A detox for an organization is not all that different except that it addresses more than one person and usually involves a close look at the company culture and the habits that make up the culture. It could be the entire organization that needs a detox or it could be a team of people, a specific department or location.

It starts with the acknowledgement from the top that something might need to change. While things appear okay, maybe a closer look is in order, especially if trends like failing projects, overrun budgets, high turnover, low engagement, or decreased worker safety have been seen. Sometimes the detox can be accomplished without external help, but often an expert is needed, at least for an initial consult.

A corporate detox will also take longer than an individual detox because more people are involved so this is not something that will be done in a week and it will take fortitude to complete. It may not be easy, but it will be worth it. Because when people love what they do, how they do it, who they do it with, and who they do it for, they will be the biggest advocates for the organization. They will do more, expect less in return, bring in more business, be more efficient, stick around longer, and be a catalyst for the organization. That means reduced turnover, better engagement, greater customer satisfaction, new customers, returning customers, more employee engagement, and higher profits.

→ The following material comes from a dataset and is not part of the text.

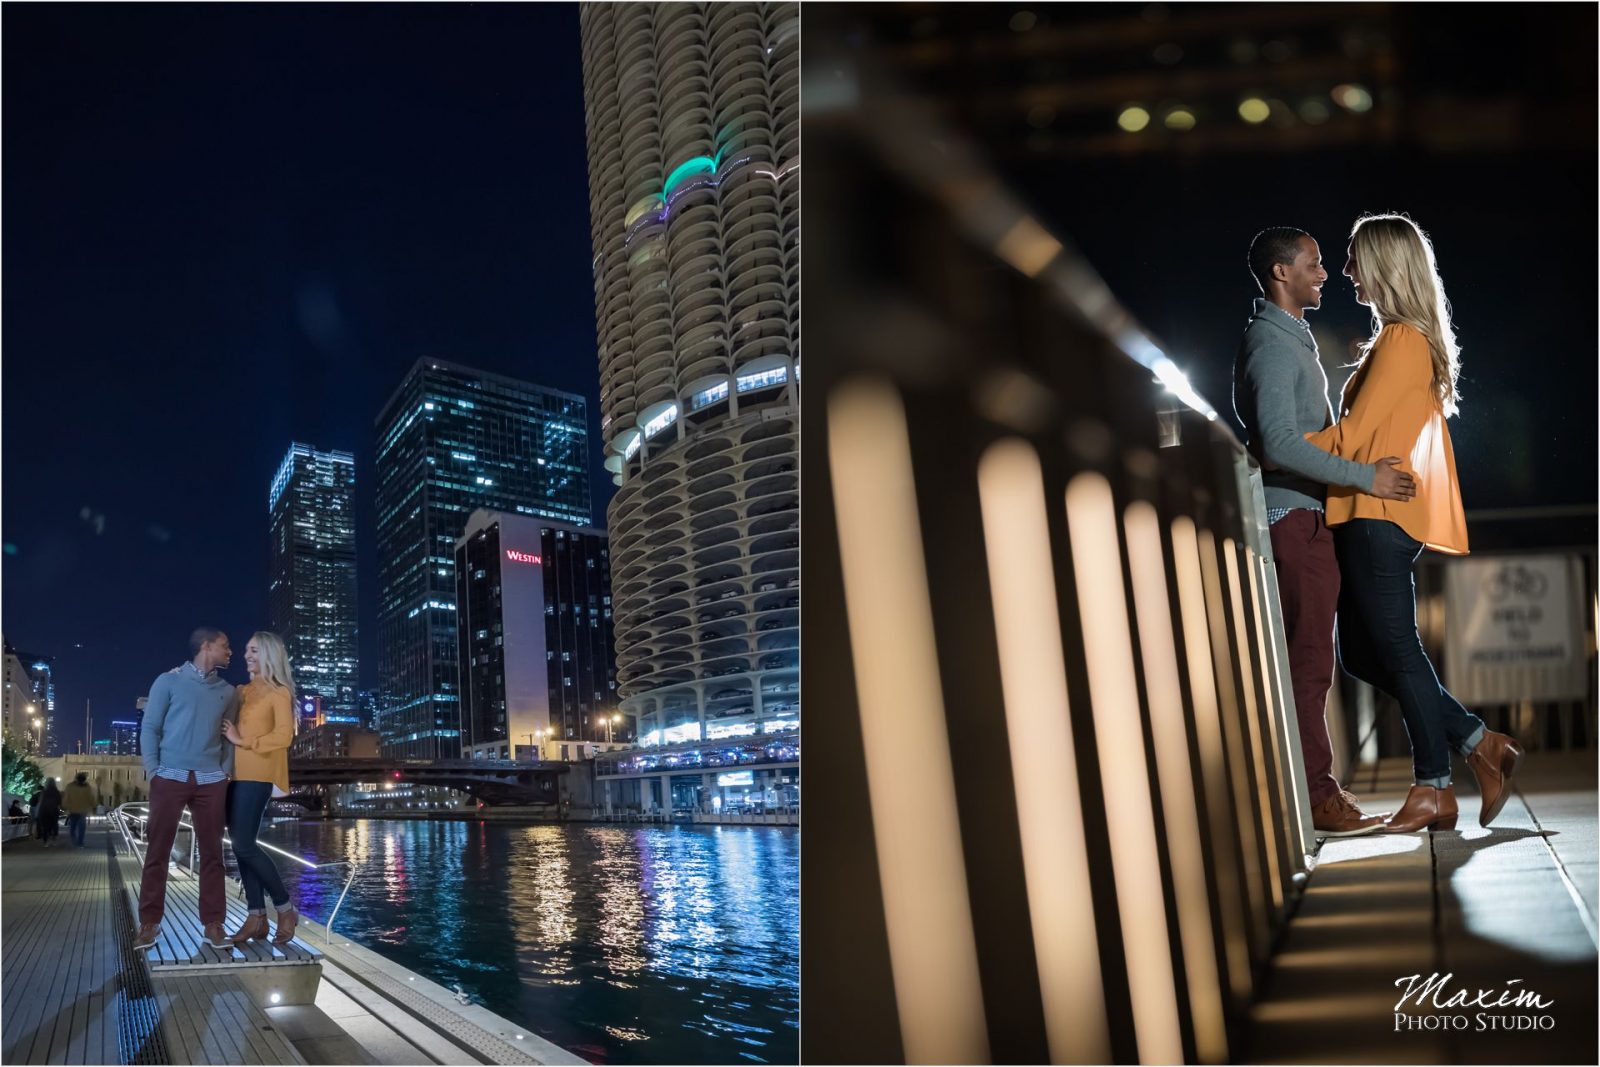 Chicago Downtown Day night After Dark Engagement

While many companies say that employee satisfaction is their goal or even go as far as to say it is a non-negotiable component of their workplace, how many are really walking the talk?

How well are your employees engaged? Are you doing better than the 32% engagement that Gallup reports? How much is low employee engagement costing you? Are you retaining your top talent or losing them to organizations that offer the connection that your employees are missing?

I know I’ve posed a lot of questions and by giving them some real heartfelt thought you may just realize that your organization is due for a corporate detox.